Pipeline Overview

The RDT MODEL platform produces a complete data product from a single RTiS entity. The pipeline chains 20 modules across 6 phases. Each module reads a JSON manifest, writes a JSON result, and operates in an isolated workspace that enables safe parallel execution across entities.

This page describes the pipeline structure. See the Modules section for each module’s documentation.

Pipeline phases

Pipeline phases — 6 sequential phases with modules that can run in parallel within each phase

Phases run sequentially. Modules within the same phase can run in parallel when they have no dependency on each other.

Data flow

Every arrow is a concrete JSON path connecting one module’s output to the next module’s input.

Pipeline data flow — external systems feeding into and consuming from the pipeline workspace

Module dependency matrix

Phase	Module	Depends on	Parallel with
1 Ingest	`rdt-model-pull`	(entry point)	Profile
1 Ingest	`rdt-model-profile` (optional)	(entry point)	Pull
2 Enrich	`rdt-model-govern`	(entry point)	Infer
2 Enrich	`rdt-model-infer` (optional)	Pull	Govern
3 Prepare	`rdt-model-compile`	Pull, Govern, Infer	—
3 Prepare	`rdt-model-validate`	Compile	—
4 Deploy	`rdt-model-store`	Compile, Validate	Policy, Api, Mcp, Sdk, Contract
4 Deploy	`rdt-model-policy`	Compile, Validate	Store, Api, Mcp, Sdk, Contract
4 Deploy	`rdt-model-api`	Compile, Validate	Store, Policy, Mcp, Sdk, Contract
4 Deploy	`rdt-model-mcp`	Compile, Validate	Store, Policy, Api, Sdk, Contract
4 Deploy	`rdt-model-sdk`	Compile, Validate	Store, Policy, Api, Mcp, Contract
4 Deploy	`rdt-model-contract`	Compile, Validate	Store, Policy, Api, Mcp, Sdk
5 Register	`rdt-model-register`	All Deploy modules	Gupri, Search
5 Register	`rdt-model-gupri`	Compile	Register, Search
5 Register	`rdt-model-search`	Compile	Register, Gupri
6 Support	`rdt-model-docs`	Compile	Cidb, Event
6 Support	`rdt-model-cidb`	All Register modules	Docs, Event
6 Support	`rdt-model-event`	All Register modules	Docs, Cidb

Data wiring

This diagram shows exactly which output field feeds which input field across module boundaries.

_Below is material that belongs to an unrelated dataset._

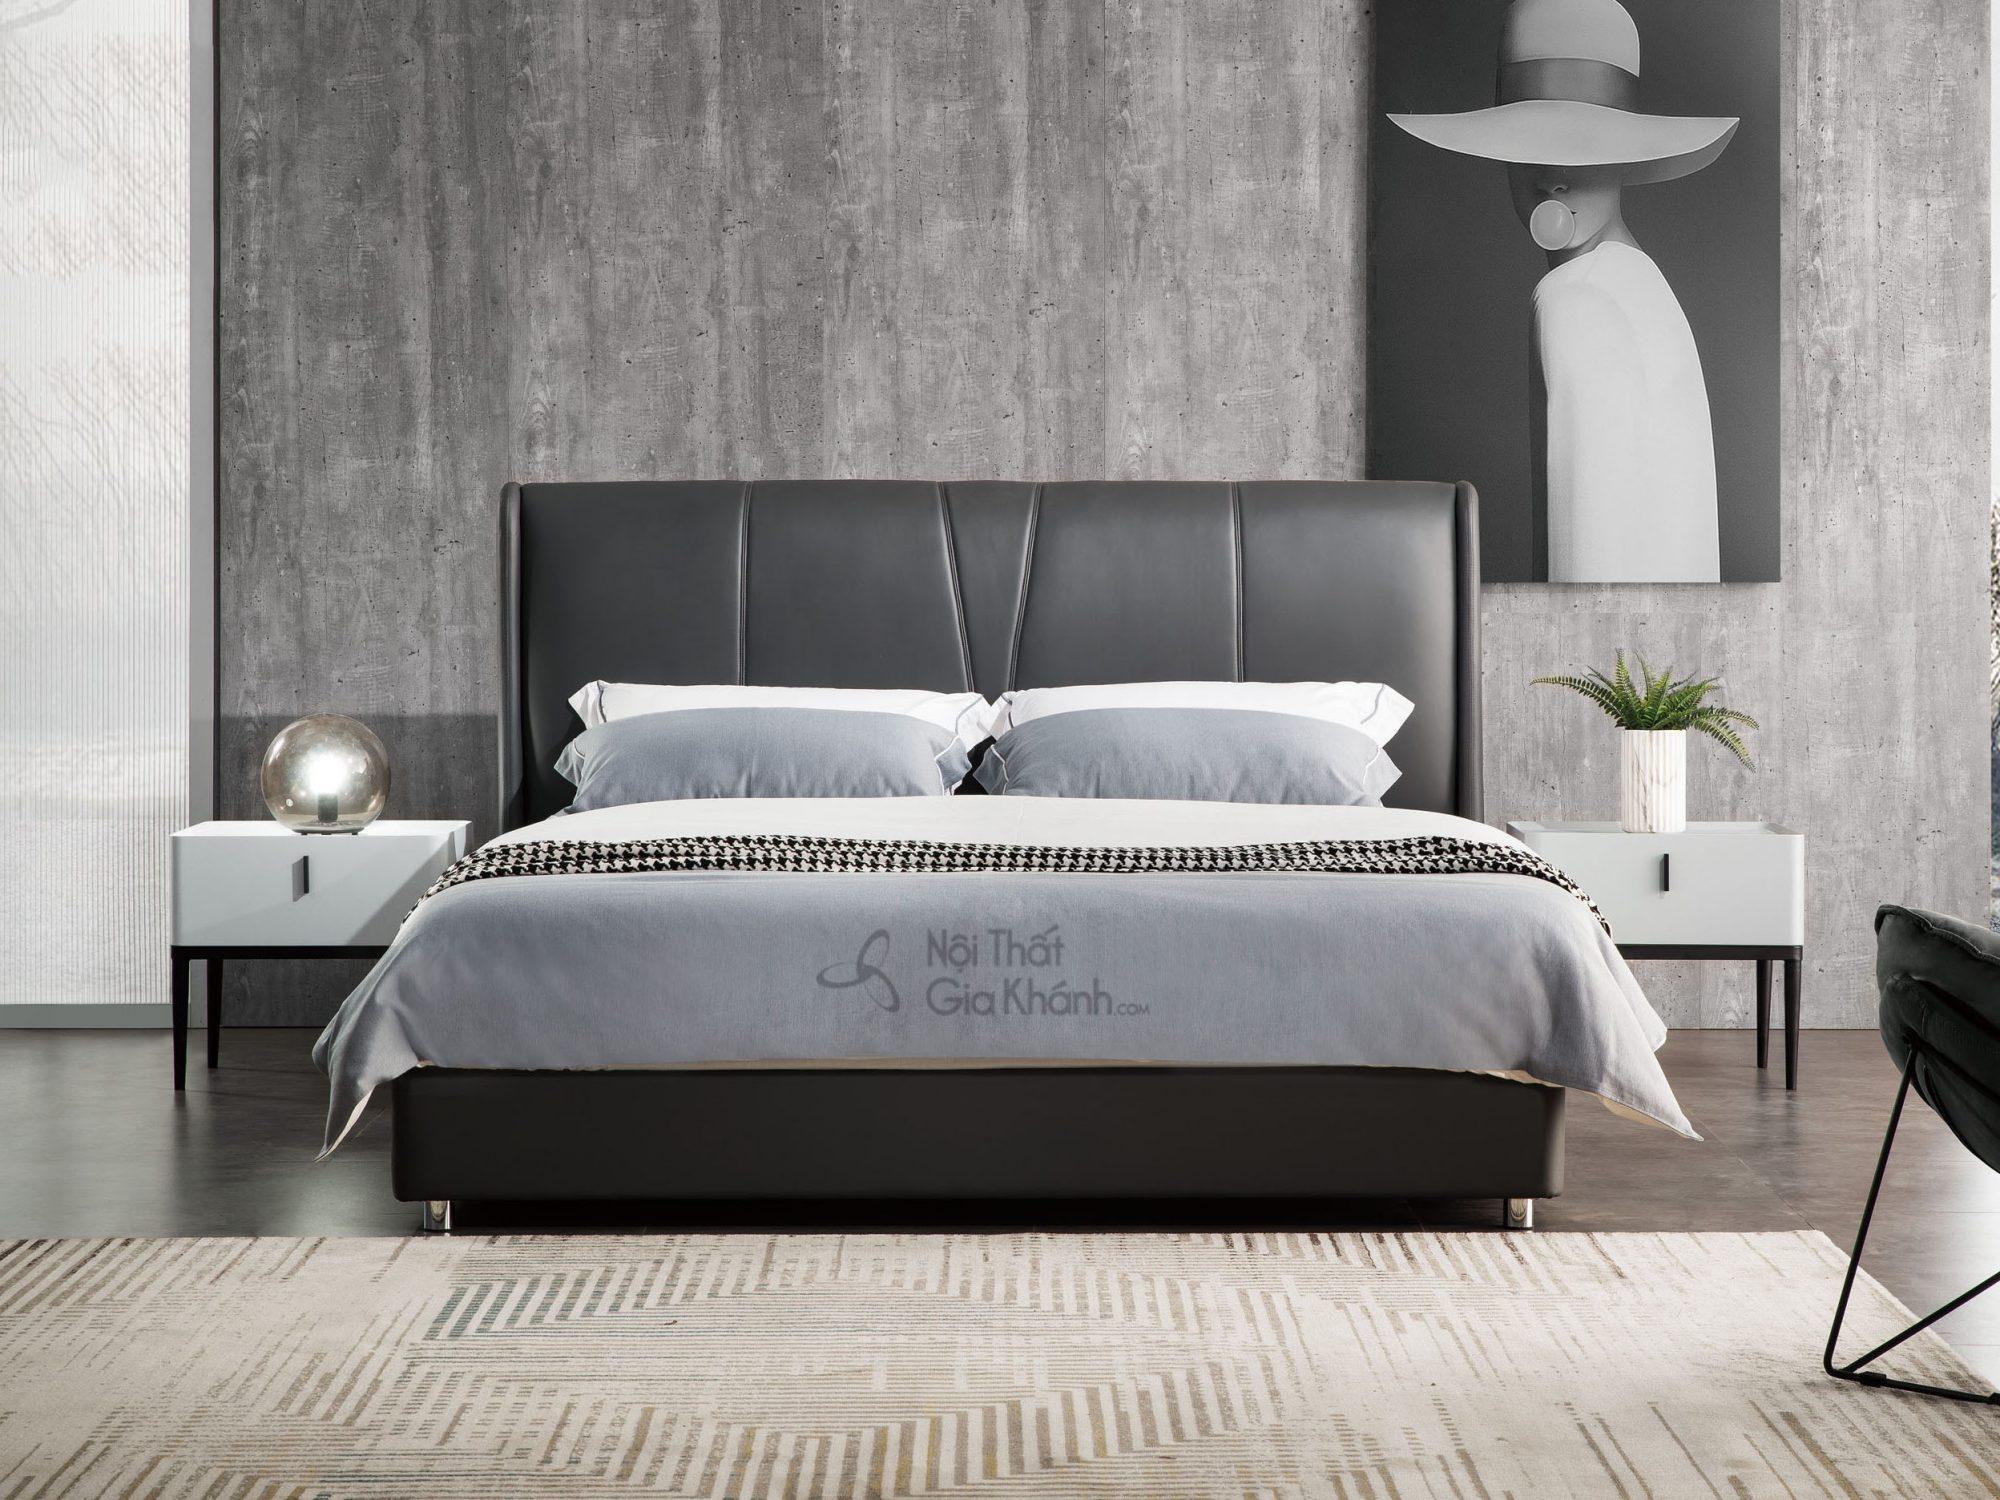 Giường bọc vải hiện đại GILB601-18

Data wiring between modules — field-level connections from outputs to inputs

Workspace isolation

Every pipeline run creates an isolated workspace directory, enabling safe parallel execution.

Path convention

{base_dir}/rdt-{entity_id}-{run_id}/

Component	Source	Example
`base_dir`	`$RDT_WORKSPACE_DIR` or `$TMPDIR` or `/tmp`	`/tmp`
`entity_id`	Sanitised entity name	`waste-tracking`
`run_id`	UUIDv4	`a1b2c3d4-e5f6-7890-abcd-ef1234567890`

Workspace layout

Workspace layout — directory tree showing per-phase subdirectories and result files

Lifecycle

Create — orchestrator generates workspace with unique UUID.
Populate — each module writes to its own subdirectory.
Promote — after validation, copy artifacts to final repo paths via paths.rs.
Clean up — delete workspace (or retain with --keep-workspace for debugging).

Parallel safety

Multiple entities run concurrently in separate workspaces. Even two runs of the same entity are safe — different UUIDs mean different directories.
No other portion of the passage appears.